After our foray in the “mall,” we found the grocery store and wandered the aisles. There were so many familiar products, but with a twist. At home, we only have a few brands/types of ketchup. Here, I lost count at 20 kinds of ketchup, all in squeeze packages. I wasn’t aware the Russians like ketchup so much. We found the snack section and proceeded to pick some chips based o the pictures on the front of the packages. Since we don’t read Cyrillic, I think we bought sour cream and onion and, possibly, sour cream and dill. We won’t be sure until we taste them.

On our way back to the hotel, the skies opened up and a deluge turned us into wet kittens. We dried off from the sudden downpour and got ready for dinner.

Before leaving, we ventured up to a “pop-up” shop on the top floor of the hotel. It was fashion week in St. Petersburg, and the shop was supposed to have all types of clothes and shoes to appeal to all tastes. It should have dawned on me that fashion week meant size 0 only. Our first clue should have been the two tall, beautiful, trendy millennials that got on the elevator with us. The second clue was the ear-piercing, bass thumping techno-music that hit us as the elevator doors opened. Young, tall, and beautiful hipsters were everywhere, draped over furniture, standing in small groups, or taking selfies. We walked about 20 steps, looked around and then at each other, and left. When did we get so old and uncool?!

We decided to walk the 25 minutes to the restaurant since the rain had stopped. The beauty of St. Petersburg at night unfolded before us as we traversed main and side streets, and crossed over canals. Reflections in the waterways and the puddles made by the previous storm were captivating.

It is no secret that I love food and finding great restaurants. Compared to Rod, however, I am an amateur foodie – he far surpasses me in that department. I had teased Rod about all the research he did for dinner possibilities and that he had pre-reserved almost all of our evening meals at Michelin star and/or Michelin quality restaurants. I have to now eat my words and thank Rod for his preparation. If tonight’s meal is indicative of those to follow, wowza!

Arriving at EM Restaurant, we found the door locked. We didn’t wait long before the host appeared to check that we had reservations and then let us in. Apparently, they don’t just let anyone in for dinner – which is a good thing. It was like dining in someone’s home. The room was open so we could watch the chefs in the immaculate kitchen prepare dinner. How the two chefs kept the kitchen so clean as they cooked is beyond me.

The menu was prix fix.

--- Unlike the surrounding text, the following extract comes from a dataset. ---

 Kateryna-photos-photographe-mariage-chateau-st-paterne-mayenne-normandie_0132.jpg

We were delighted with seven courses, each as spectacular as the last. (Except for the consomme, which neither of us enjoyed). Before the decadence began, we were offered a board with two types of freshly made bread (one was coffee, apple, and pink pepper – so earthy and divine), fresh butter, and spinach salt. Rod adored the salt so much that he took a bottle home as a souvenir.

Then the meal began. Words cannot describe the delicious smells and tastes. I’ll let photos do the talking.

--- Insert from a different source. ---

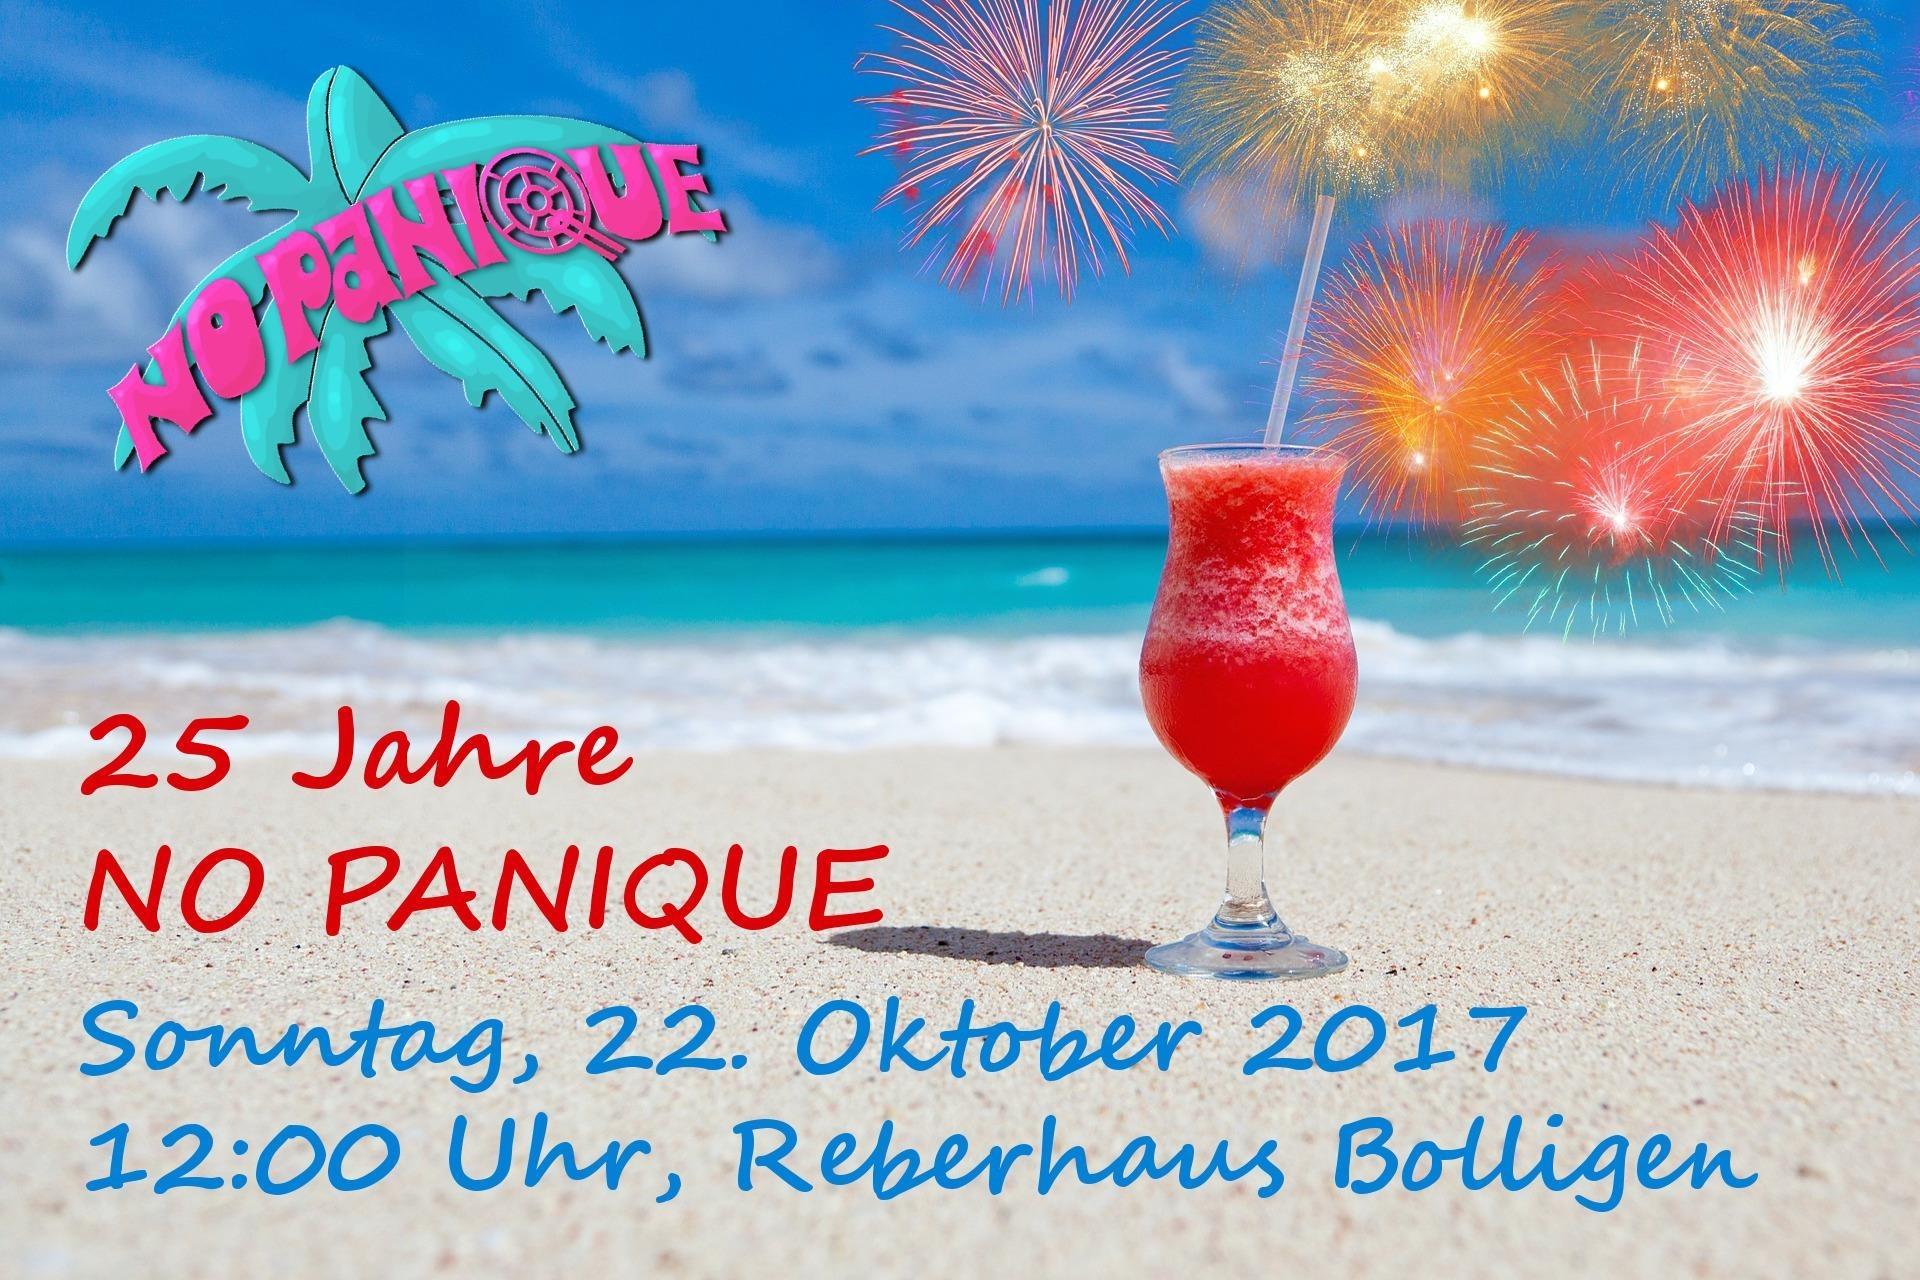 PaniqueEvent am 22. Oktober 2017 im Reberhaus Bolligen

  • Course I – black caviar and spinach brioche with edamame cream
  • Course II – venison, shiitake, and smoked cashew with salvia oil
  • Course III – vongole (pasta) and plum with cilantro oil and ponzu sauce
  • Course IV – okra and mung bean pate with chili pepper ice cream
  • Course V – ceps consomme with oysters
  • Course VI – trout and topinambours (sunchokes) with sunflower seed cream or duck breast with white mushrooms and fois gras sauce (we shared)
  • Course VII – cedar ice cream with spruce caramel and meringue with pine pollen

The chef designed the menu with each course, evoking a particular flavor palate or sense. For example, the dessert centered on flavors of the forest (happy my tree allergies were not affected).

It was a dinner for all the senses ~ beautiful to look at and full of flavor. As Rod said, “It was like eating art.”